▶ **Data supplied**
━━━━━━━━━━
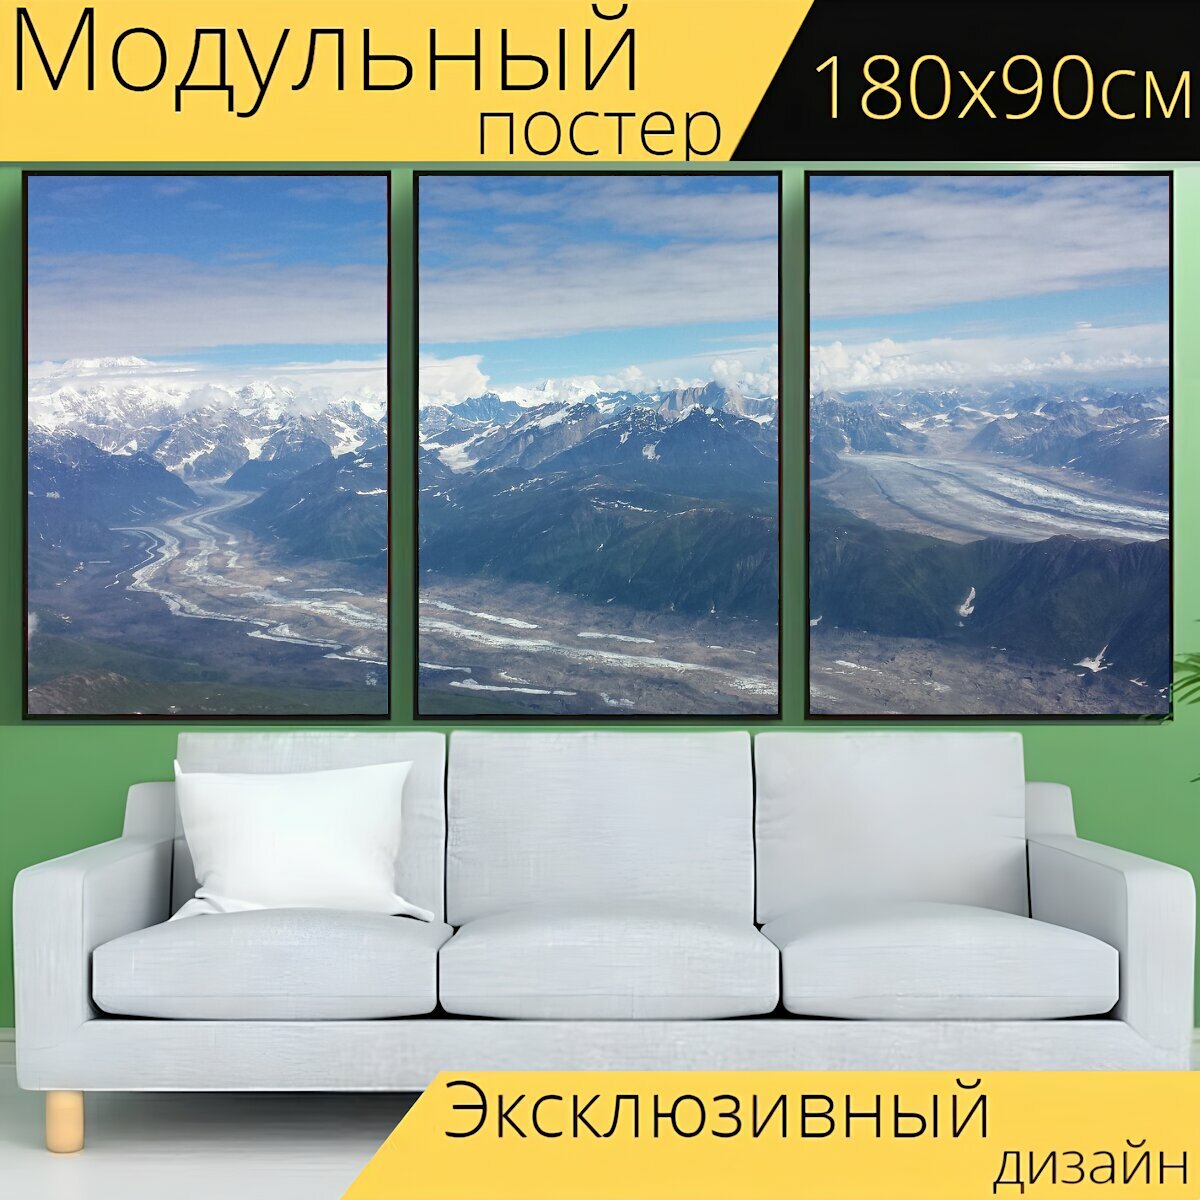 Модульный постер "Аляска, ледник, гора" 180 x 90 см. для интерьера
━━━━━━━━━━
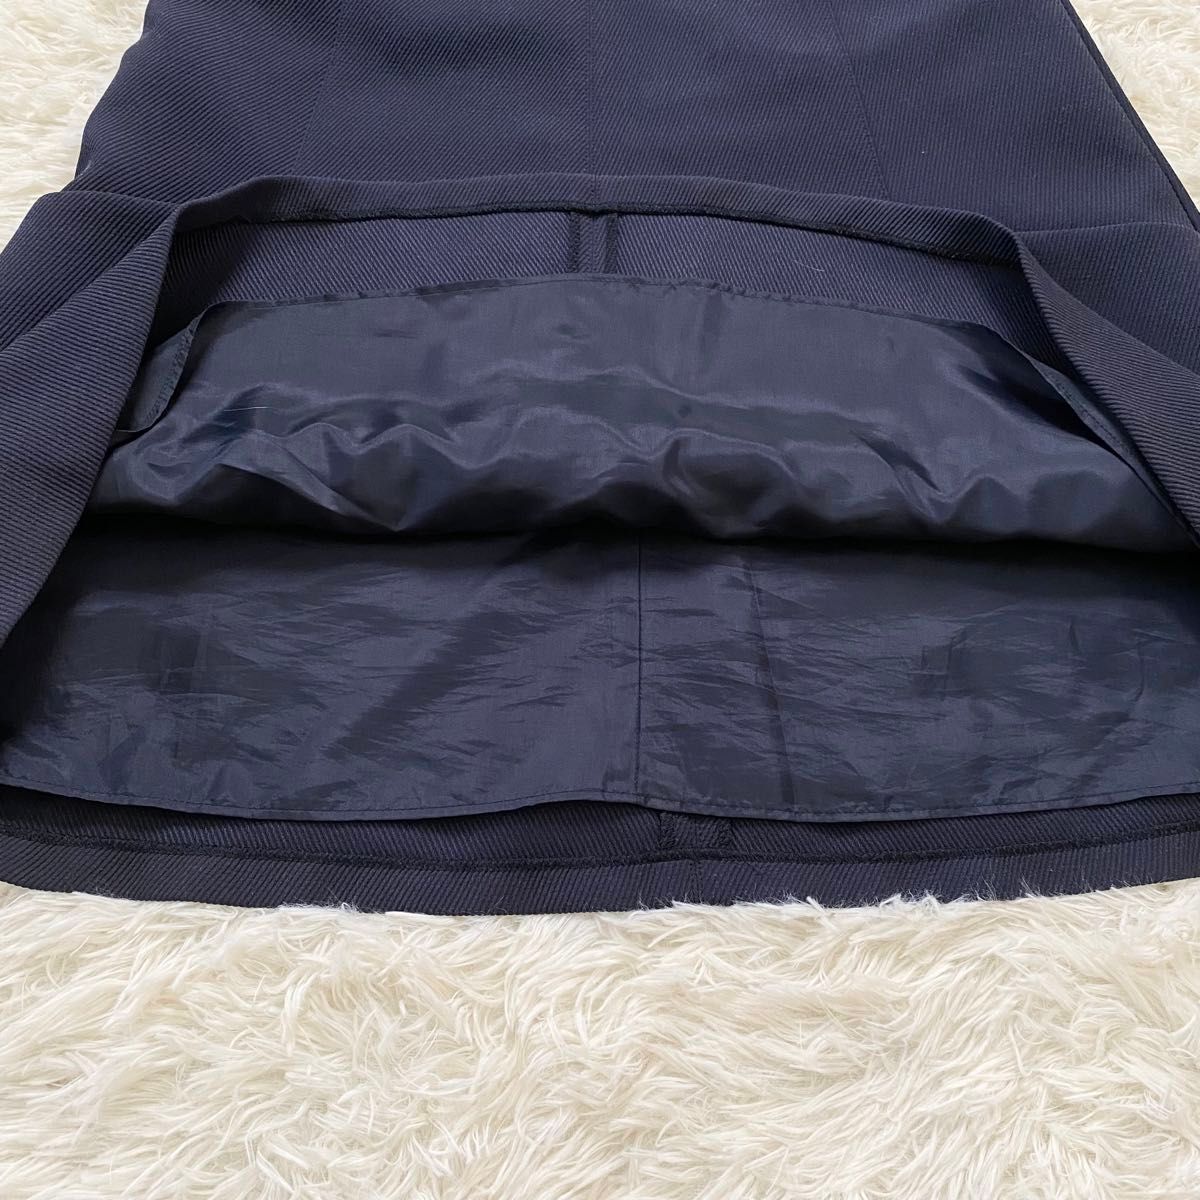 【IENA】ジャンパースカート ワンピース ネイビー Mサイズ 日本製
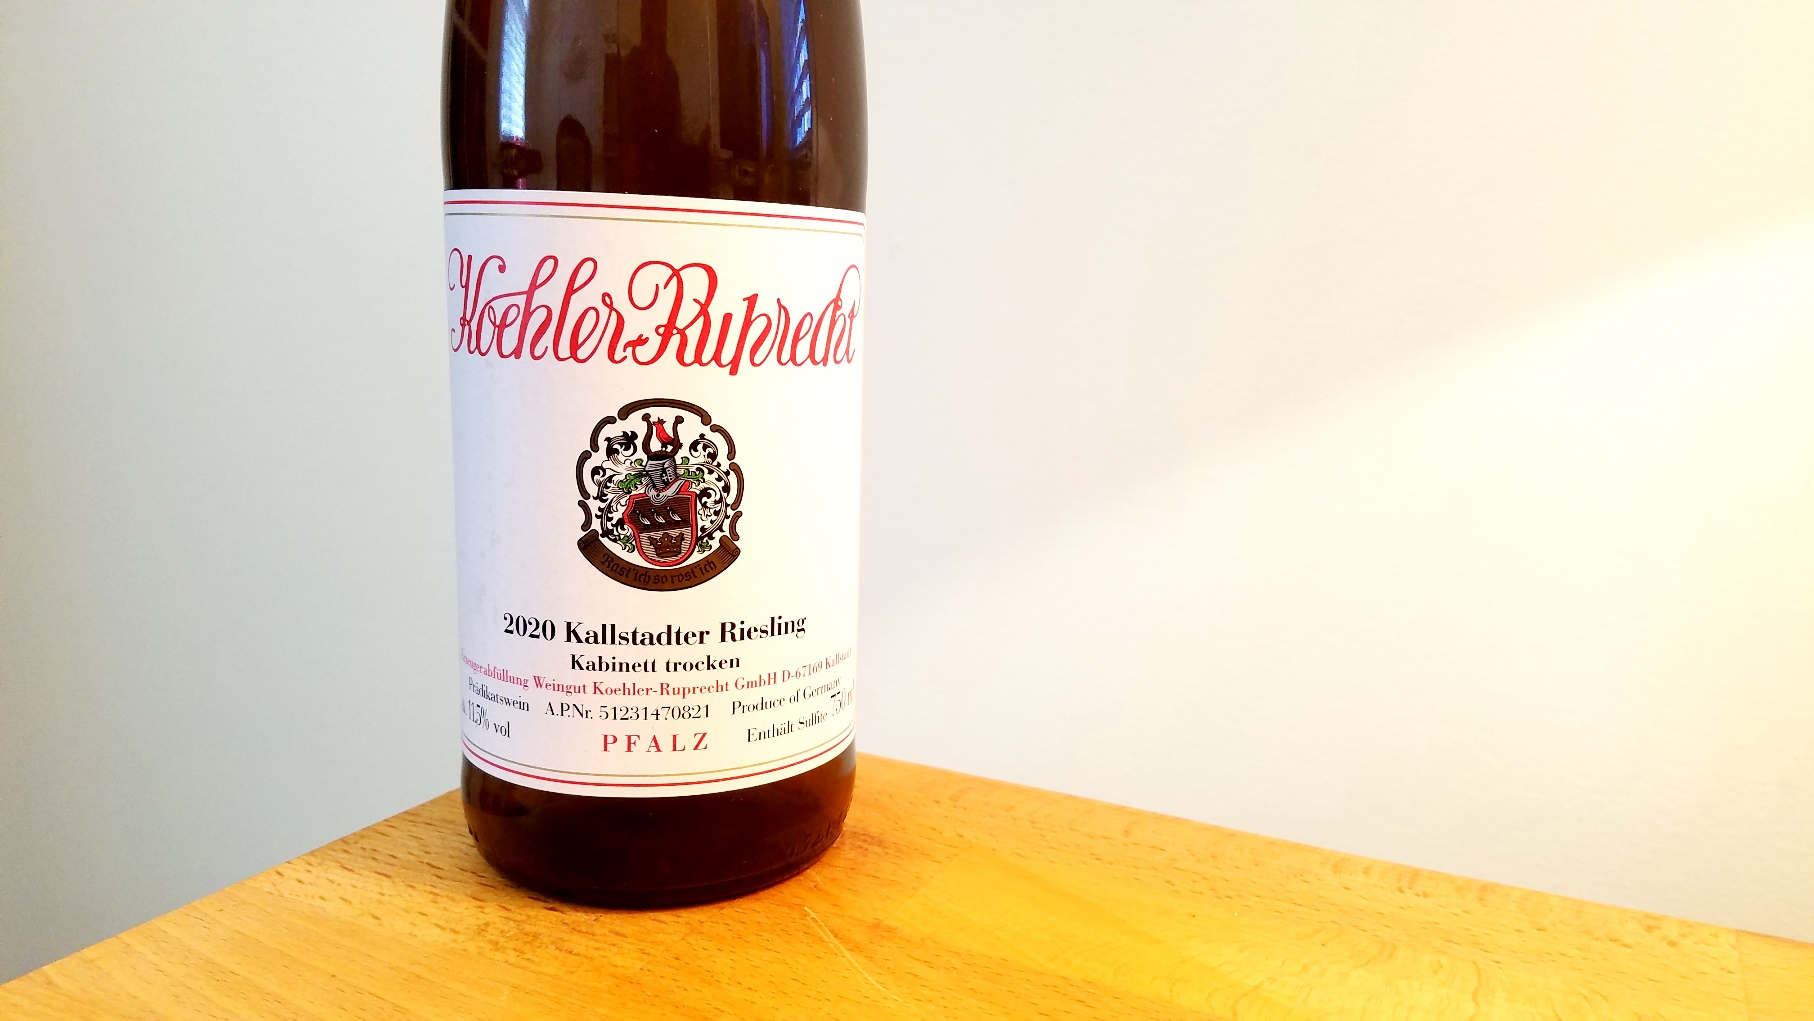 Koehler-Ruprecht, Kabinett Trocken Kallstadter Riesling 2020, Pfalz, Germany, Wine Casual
━━━━━━━━━━
▶ **What you should do**
Those lines of the records above that run from the one containing "ネイビー Mサイズ 日本製" through the one containing "Koehler-Ruprecht, Kabinett Trocken" should be returned exactly, with no pictures among them.

▶ **Answer to the problem**
 【IENA】ジャンパースカート ワンピース ネイビー Mサイズ 日本製
 Koehler-Ruprecht, Kabinett Trocken Kallstadter Riesling 2020, Pfalz, Germany, Wine Casual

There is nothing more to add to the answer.